» EXERCISE MATERIAL:
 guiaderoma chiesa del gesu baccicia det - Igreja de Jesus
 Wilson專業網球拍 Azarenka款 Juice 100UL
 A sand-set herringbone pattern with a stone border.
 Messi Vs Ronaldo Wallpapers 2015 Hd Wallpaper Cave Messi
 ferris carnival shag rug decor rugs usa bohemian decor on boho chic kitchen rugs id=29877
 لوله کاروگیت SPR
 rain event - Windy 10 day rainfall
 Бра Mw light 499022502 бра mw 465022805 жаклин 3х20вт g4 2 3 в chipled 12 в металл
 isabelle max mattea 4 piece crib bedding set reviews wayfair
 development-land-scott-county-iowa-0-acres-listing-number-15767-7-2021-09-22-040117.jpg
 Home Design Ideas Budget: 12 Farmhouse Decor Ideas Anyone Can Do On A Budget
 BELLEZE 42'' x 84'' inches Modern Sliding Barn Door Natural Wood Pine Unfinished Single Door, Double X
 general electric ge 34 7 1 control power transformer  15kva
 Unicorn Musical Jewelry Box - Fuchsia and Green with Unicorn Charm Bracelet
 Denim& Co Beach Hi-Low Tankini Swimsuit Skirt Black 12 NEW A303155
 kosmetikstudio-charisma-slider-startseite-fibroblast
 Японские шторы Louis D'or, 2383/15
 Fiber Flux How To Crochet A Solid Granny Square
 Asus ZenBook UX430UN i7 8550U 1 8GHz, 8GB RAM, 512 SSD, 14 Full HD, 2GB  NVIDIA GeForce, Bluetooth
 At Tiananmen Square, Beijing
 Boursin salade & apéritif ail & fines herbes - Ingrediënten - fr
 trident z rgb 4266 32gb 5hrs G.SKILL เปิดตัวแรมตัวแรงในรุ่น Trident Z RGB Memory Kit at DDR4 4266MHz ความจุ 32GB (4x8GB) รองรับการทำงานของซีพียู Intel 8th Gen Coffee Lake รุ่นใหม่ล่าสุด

» PROBLEM REQUIREMENTS:
Lines of the data above that include the string "Square" must each be copied.

» TASK RESULT:
 Fiber Flux How To Crochet A Solid Granny Square
 At Tiananmen Square, Beijing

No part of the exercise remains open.